# SmolLM3 KataGo Fine-Tuning on Modal

This directory fine-tunes `unsloth/SmolLM3-3B-Base` with LoRA on the dataset stored in the Modal volume:

- data volume: `katago-large-datasets`
- dataset path: `katago_large_dataset_v1/train.jsonl` and `katago_large_dataset_v1/eval.jsonl`
- output volume: `katago-smollm-finetunes`

Run the older non-causal GPU smoke test:

```bash
python3 -m modal run katago/katagolarge/smolLM/modal_smollm_finetune.py
```

Run the older non-causal full training:

```bash
python3 -m modal run katago/katagolarge/smolLM/modal_smollm_finetune.py --mode train
```

Generate explanations for 100 random eval positions:

```bash
python3 -m modal run katago/katagolarge/smolLM/modal_smollm_finetune.py --mode generate
```

The Modal entrypoint uses an A10G, `transformers==4.53.0`, 4-bit loading, bf16 compute, and LoRA adapters.

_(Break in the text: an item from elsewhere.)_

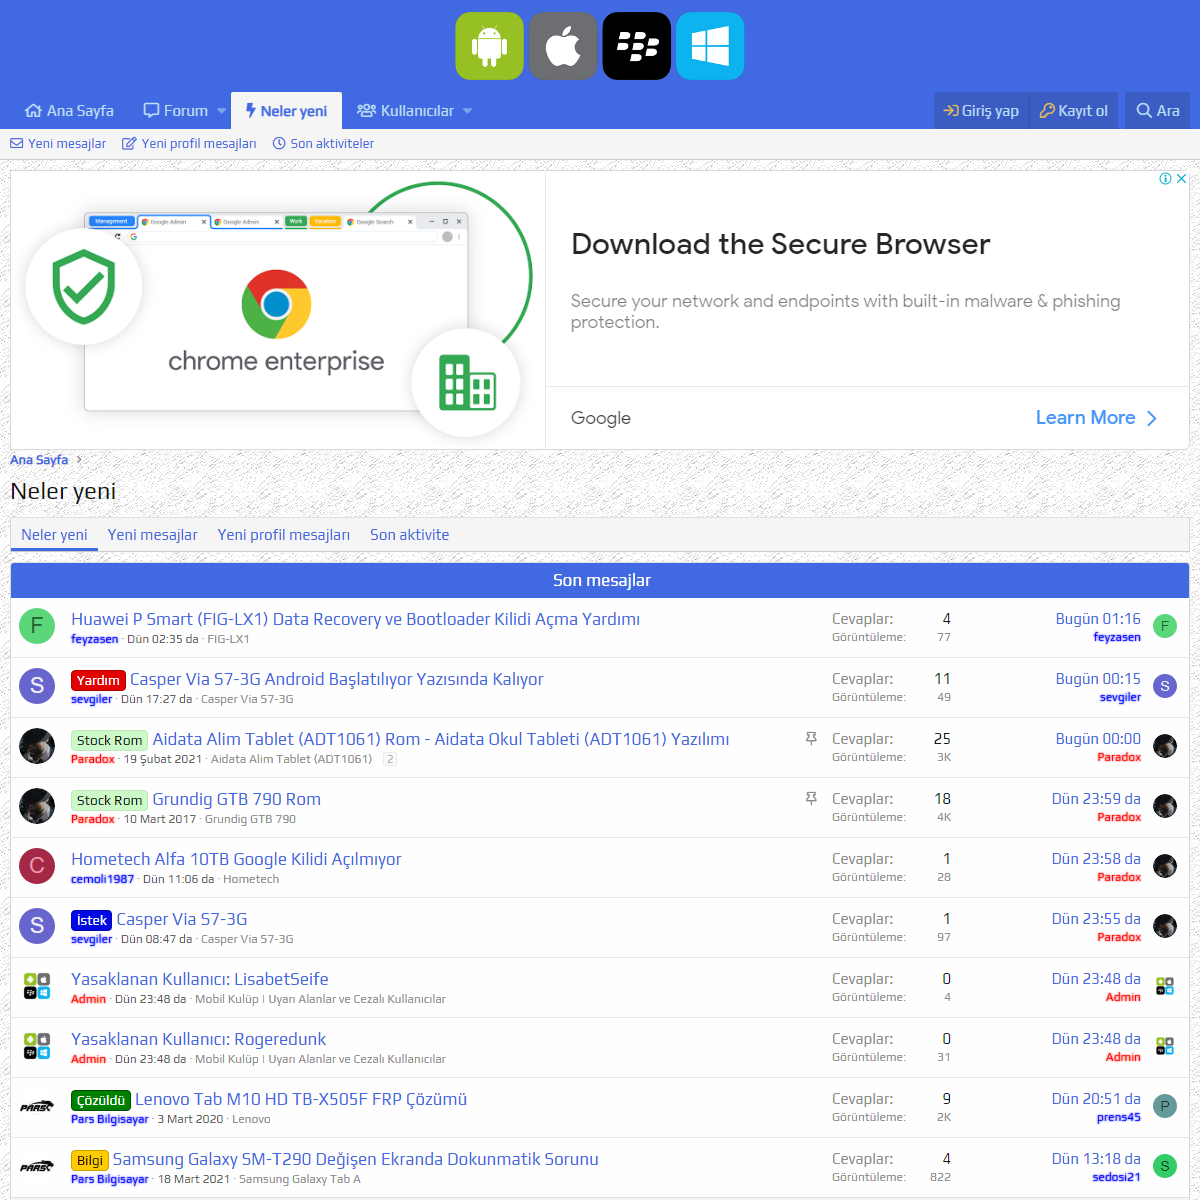 A complete backup of https://www.mobilkulup.com/whats-new/

Checkpoints and metrics are saved under `/outputs/<run_name>` in the `katago-smollm-finetunes` Modal volume.

## Causal Masking

`bec_mask.py` implements a board/explanation/claim additive attention mask with local explanation windows for claim tokens.

Run its toy sanity check with:

```bash
python3 katago/katagolarge/smolLM/causal/bec_mask.py
```

`train_go_consistency.py` trains SmolLM3 with explanation LM loss plus structured claim classification heads. It can either split a single JSONL by `game_id`, or consume explicit train/eval JSONL files. The board segment is passed as a 19x19 integer matrix where `1` is black, `-1` is white, and `0` is empty.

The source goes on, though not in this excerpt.